The fence runs three and a half miles through the national forest west of Bear Lake.

"I think it's egregious, and something went wrong," says Kirk Robinson, with the Western Wildlife Conservancy.

It's a so-called "laydown" fence, designed so cowboys can tip the barbed wire down and lay it flat each winter to protect it from snow damage.

"It's a lot of labor for us," says Round Valley rancher Stuart Wamsley, adding that he would have preferred not to build the fence.

Wamsley says he and two partners were pushed to do it by the Forest Service. The fence divides their grazing permit area, so cattle will use alternating pastures each grazing season, giving vegetation a chance to recover.

"It was at their insistence that we went ahead and put this fence in," Wamsley says.

But the Forest Service says it bulldozed an excessive swath. Environmental and wildlife groups are outraged. They say the cut averages 40 to 65 feet wide.

"My concern is soil erosion and the time it will take to recover, which I believe will be a long time. There were a lot of mature trees in here," Robinson says.

Wamsley says they took out mostly brush and small trees. They flattened a space to lay down the fence, with extra width for ranch vehicles to maintain it.

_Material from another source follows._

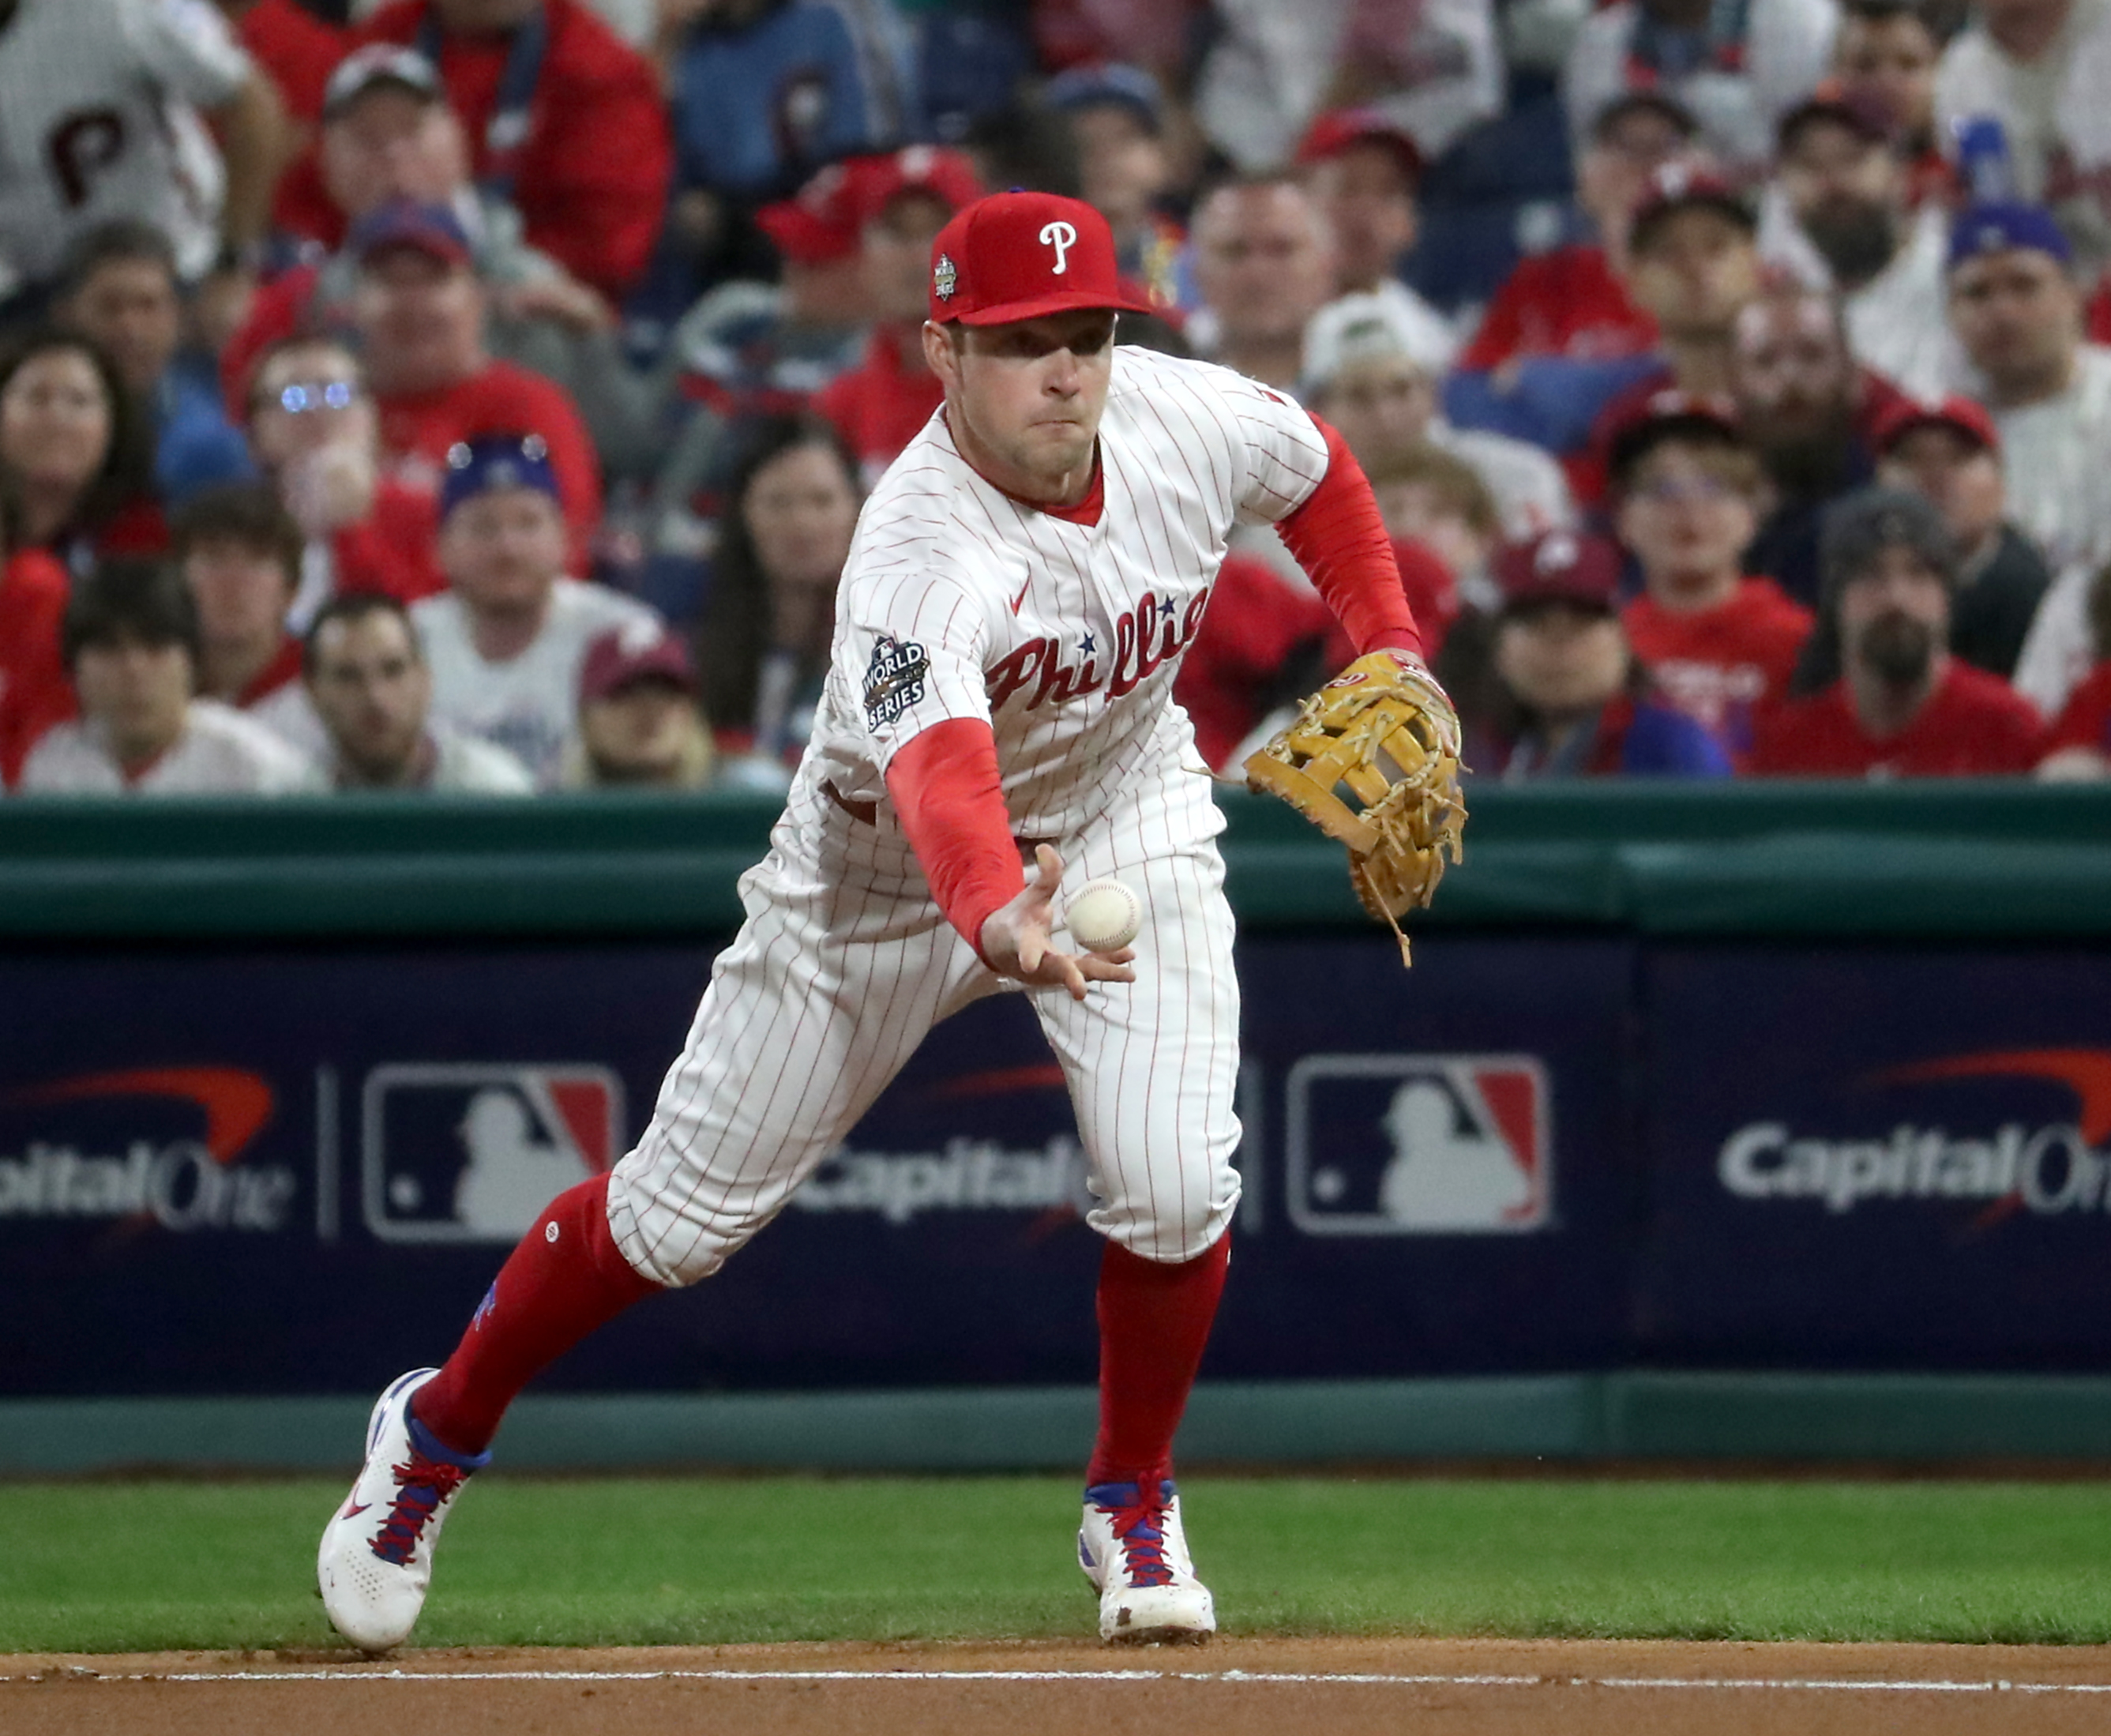 Rhys Hoskins (17) of the Philadelphia Phillies fields the ball and tosses it to Ranger Suarez (55) at first base for the out in the fourth inning during World Series Game 3 against the Houston Astros at Citizens Bank Park, Tuesday, Nov. 1, 2022.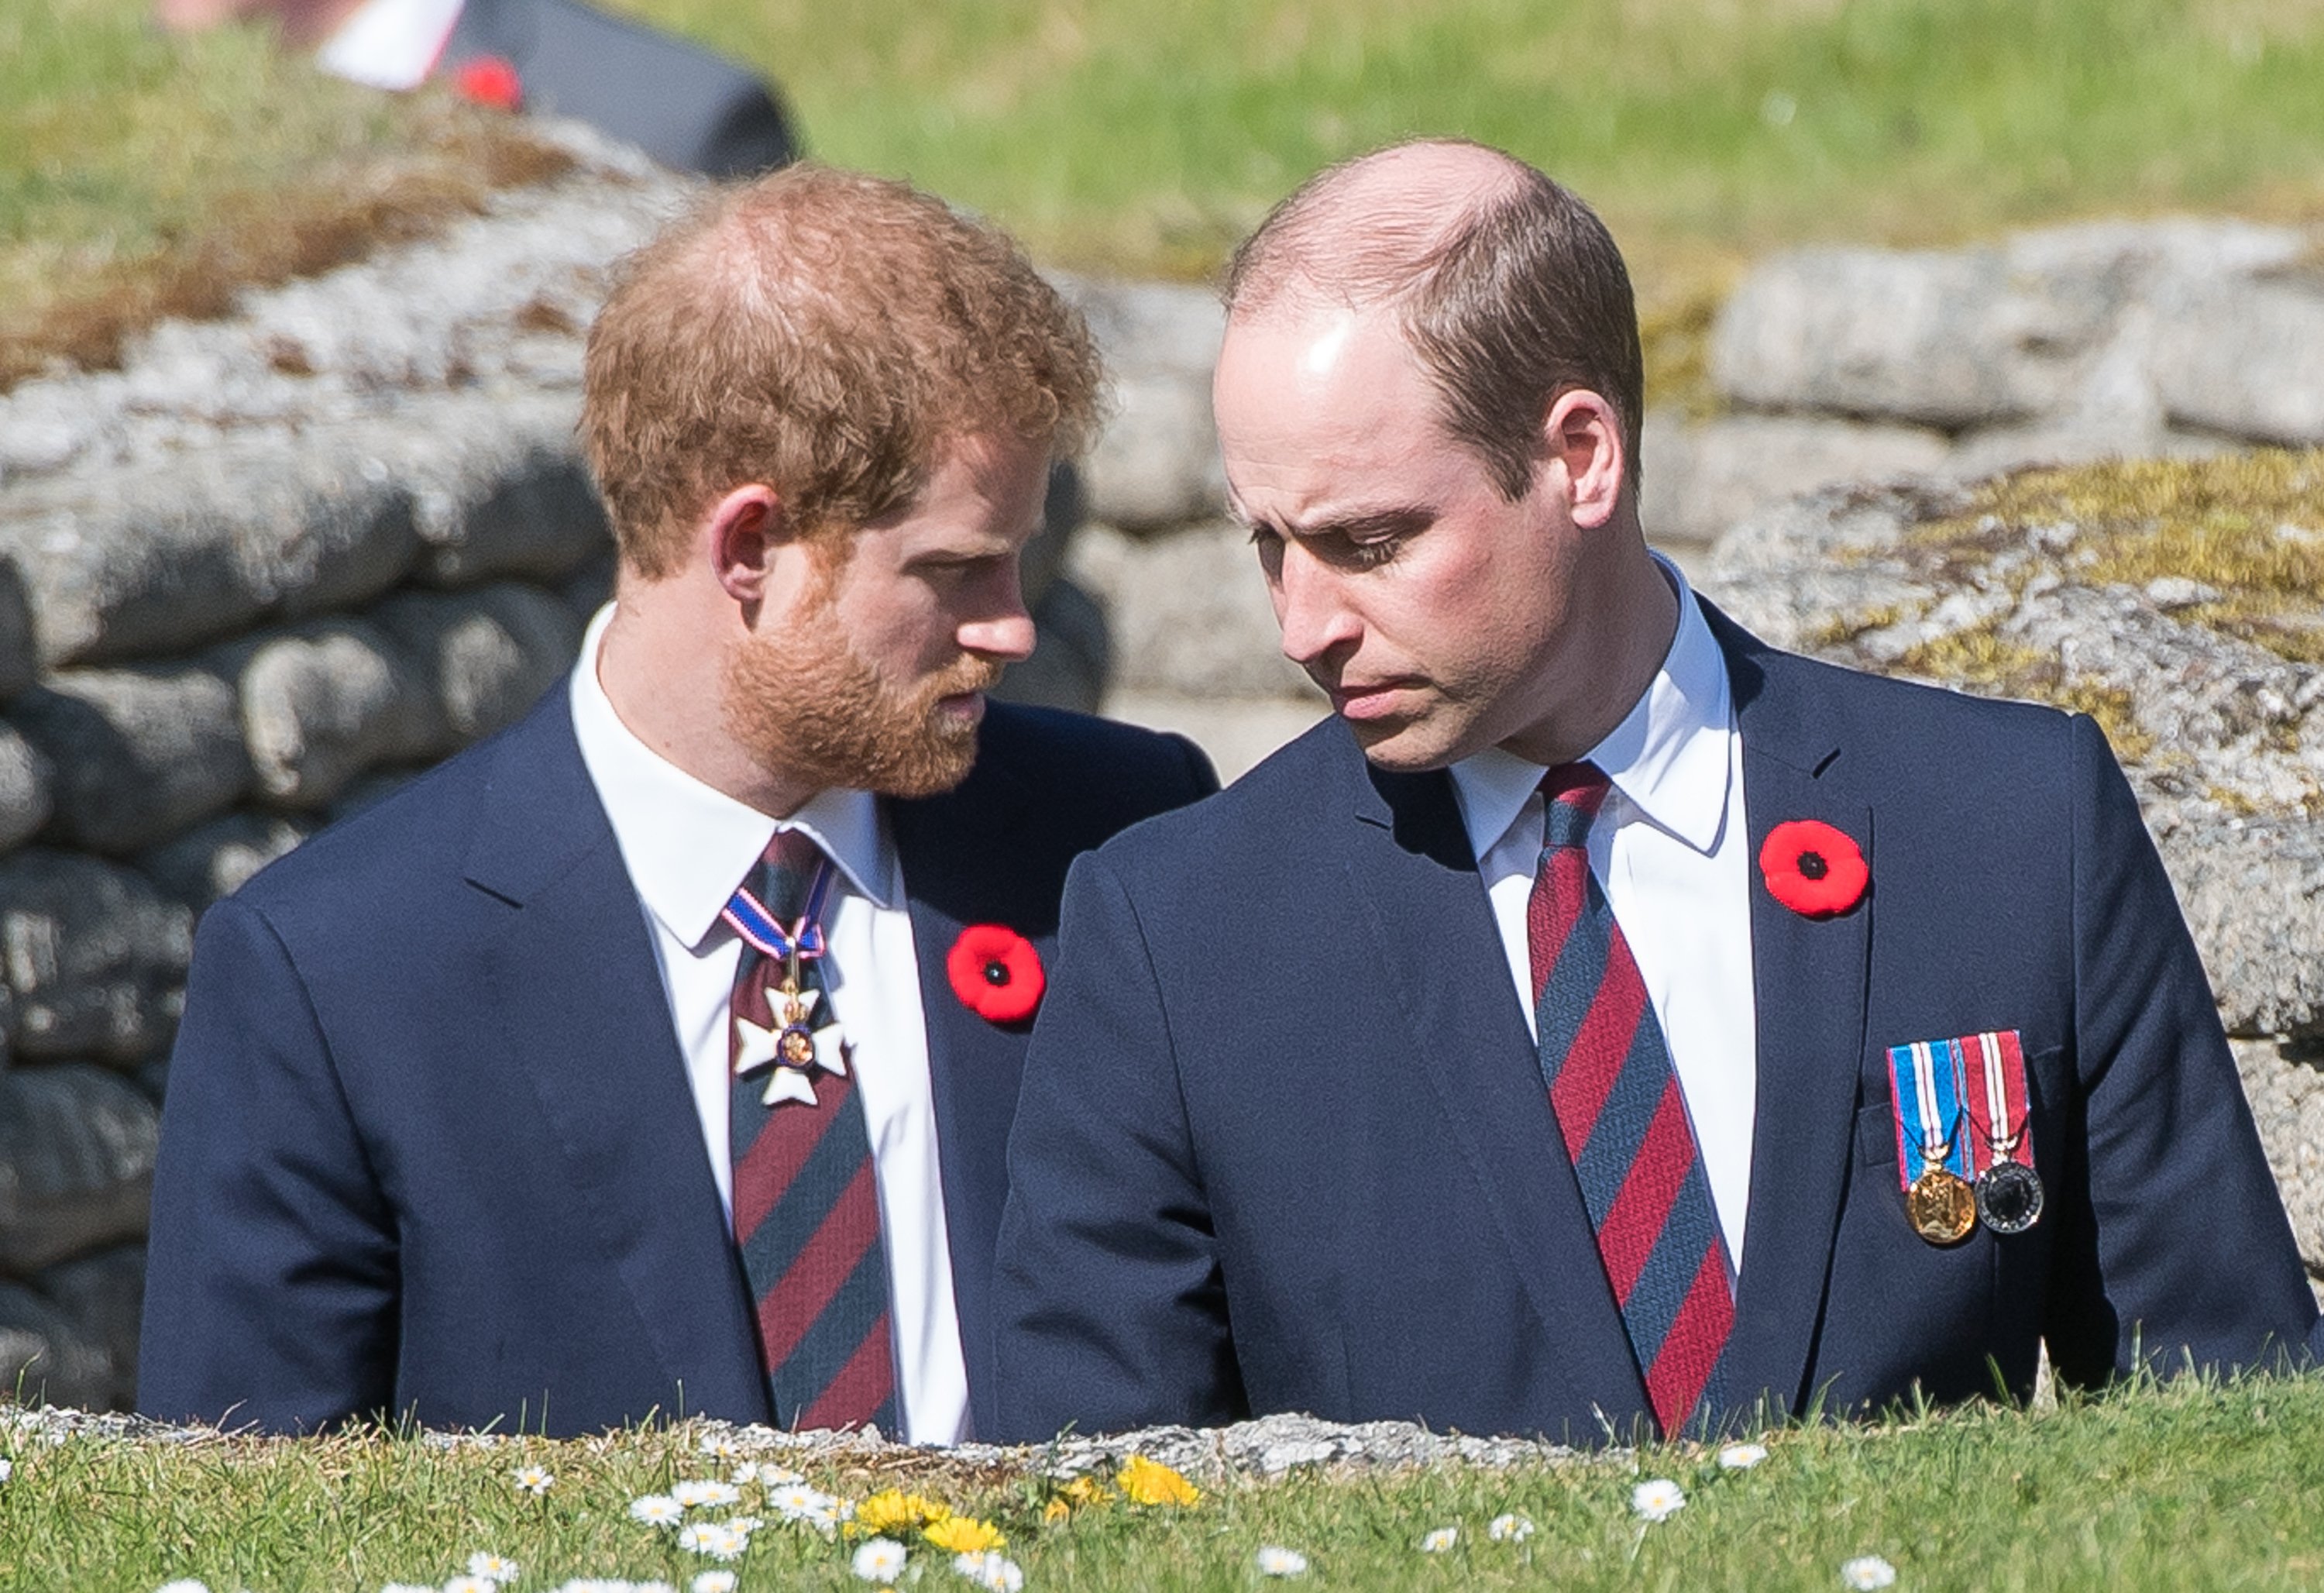 Prince William and Prince Harry during the commemorations for the 100th anniversary of the battle of Vimy Ridge on April 9, 2017 in Lille, France. | Source: Getty Images

"We did everything in our power to avoid those big, pretty, mature trees," Wamsley says.

One issue is why they didn't follow an existing fence line cut in the 1960s. They say the Caterpillar got into that area and almost got stuck in the soft ground, so they decided to angle the new fence a little bit more to the north.

The ranchers departed from the route approved by the Forest Service. Getting a new route approved, they say, would have taken months of biological and archaeological reviews. Wamsley says they pushed on without specific approval because they didn't want to go through the process.

"It's just completely ridiculous, the process they have," Wamsley says.

Regardless of the route, the Forest Service and critics say the swath cutting went way too far.

"ATV use will be invited by this. Essentially, that amounts to a new road, even though it wasn't intended as one, and it will exacerbate the problem," Robinson says.

KSL News isn't sure if the law enforcement investigation is leading to possible criminal charges, but Wamsley told us the Forest Service told him he's in deep trouble.